Merge branch 'develop'
diff --git a/README.md b/README.md
index bc53895..cdade24 100644
--- a/README.md
+++ b/README.md
@@ -6,6 +6,12 @@
## Versions
+### v0.3.1
+
+- Add CooccurrenceAlgorithm.
+ To use this algorithm, override engine.json by engine-cooccurrence.json,
+ or specify `--variant engine-cooccurrence.json` parameter for both pio train **and** deploy
+
### v0.3.0
- update for PredictionIO 0.9.2, including:
diff --git a/build.sbt b/build.sbt
index e04ba88..3260f8e 100644
--- a/build.sbt
+++ b/build.sbt
@@ -6,7 +6,12 @@
organization := "io.prediction"
+parallelExecution in Test := false
+
+test in assembly := {}
+
libraryDependencies ++= Seq(
"io.prediction" %% "core" % pioVersion.value % "provided",
"org.apache.spark" %% "spark-core" % "1.3.0" % "provided",
- "org.apache.spark" %% "spark-mllib" % "1.3.0" % "provided")

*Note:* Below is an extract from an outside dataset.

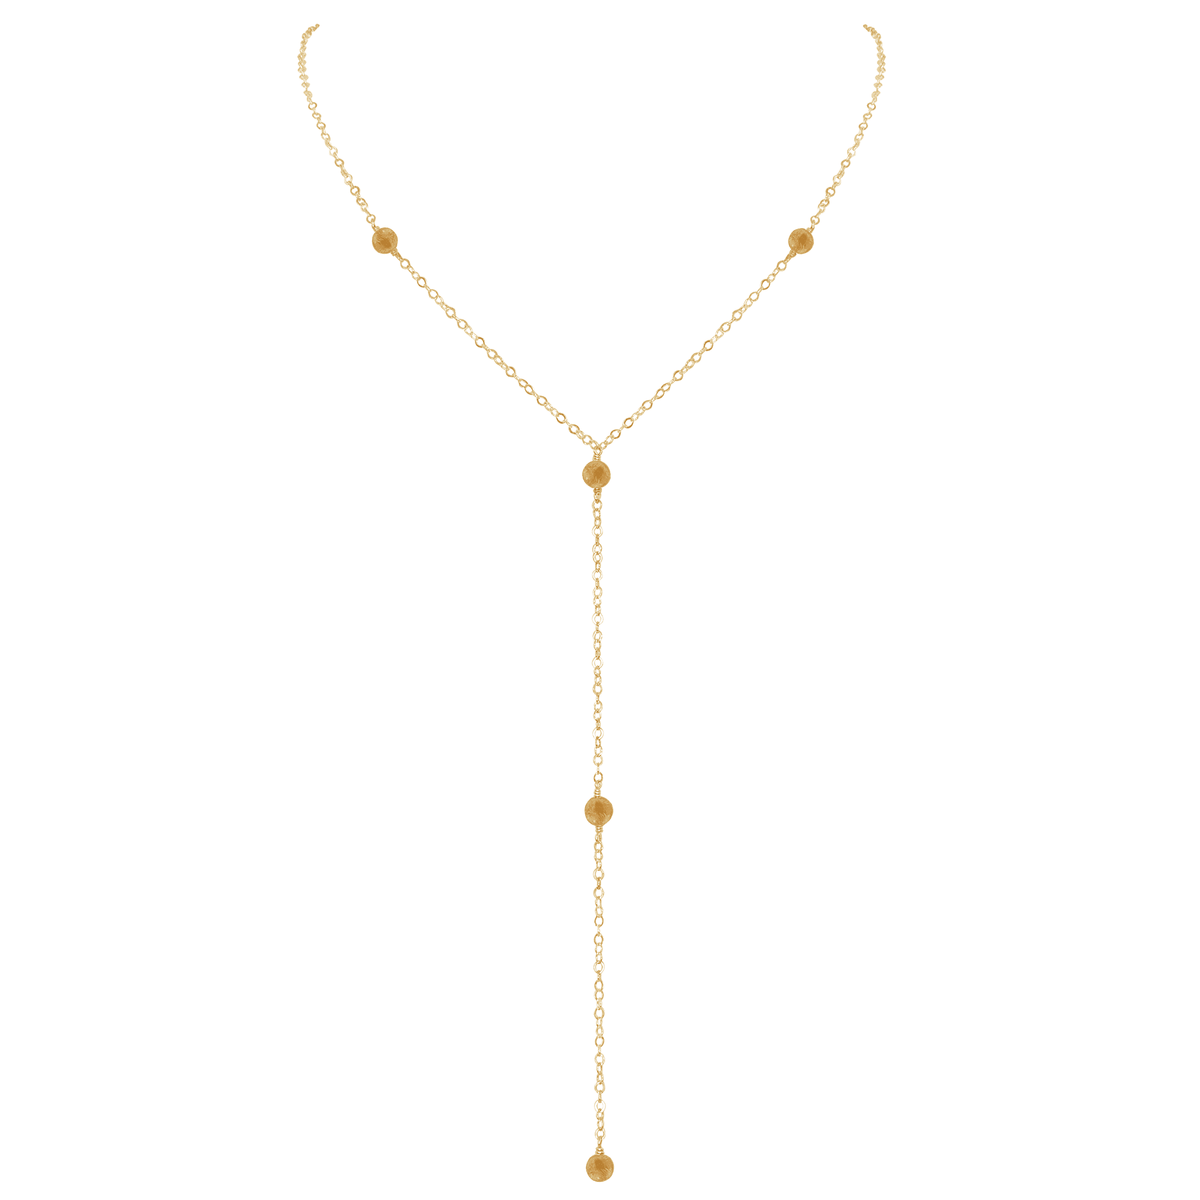 Dainty Citrine Lariat Necklace - Dainty Citrine Lariat Necklace - 14k Gold Fill - Luna Tide Handmade Crystal Jewellery

+ "org.apache.spark" %% "spark-mllib" % "1.3.0" % "provided",
+ "org.scalatest" %% "scalatest" % "2.2.1" % "test")
diff --git a/engine-cooccurrence.json b/engine-cooccurrence.json
new file mode 100644
index 0000000..ba1a603
--- /dev/null
+++ b/engine-cooccurrence.json
@@ -0,0 +1,18 @@
+{
+ "id": "default",
+ "description": "Default settings",
+ "engineFactory": "org.template.similarproduct.SimilarProductEngine",
+ "datasource": {
+ "params" : {
+ "appName": "INVALID_APP_NAME"
+ }
+ },
+ "algorithms": [
+ {
+ "name": "cooccurrence",
+ "params": {
+ "n": 20
+ }
+ }
+ ]
+}
diff --git a/src/main/scala/CooccurrenceAlgorithm.scala b/src/main/scala/CooccurrenceAlgorithm.scala
new file mode 100644
index 0000000..f94dd7e
--- /dev/null
+++ b/src/main/scala/CooccurrenceAlgorithm.scala
@@ -0,0 +1,155 @@
+package org.template.similarproduct
+
+import io.prediction.controller.P2LAlgorithm
+import io.prediction.controller.Params
+import io.prediction.data.storage.BiMap
+
+import org.apache.spark.SparkContext
+import org.apache.spark.rdd.RDD
+
+case class CooccurrenceAlgorithmParams(
+ n: Int // top co-occurrence
+) extends Params
+
+class CooccurrenceModel(
+ val topCooccurrences: Map[Int, Array[(Int, Int)]],
+ val itemStringIntMap: BiMap[String, Int],
+ val items: Map[Int, Item]
+) extends Serializable {
+ @transient lazy val itemIntStringMap = itemStringIntMap.inverse
+
+ override def toString(): String = {
+ val s = topCooccurrences.mapValues { v => v.mkString(",") }
+ s.toString
+ }
+}
+
+class CooccurrenceAlgorithm(val ap: CooccurrenceAlgorithmParams)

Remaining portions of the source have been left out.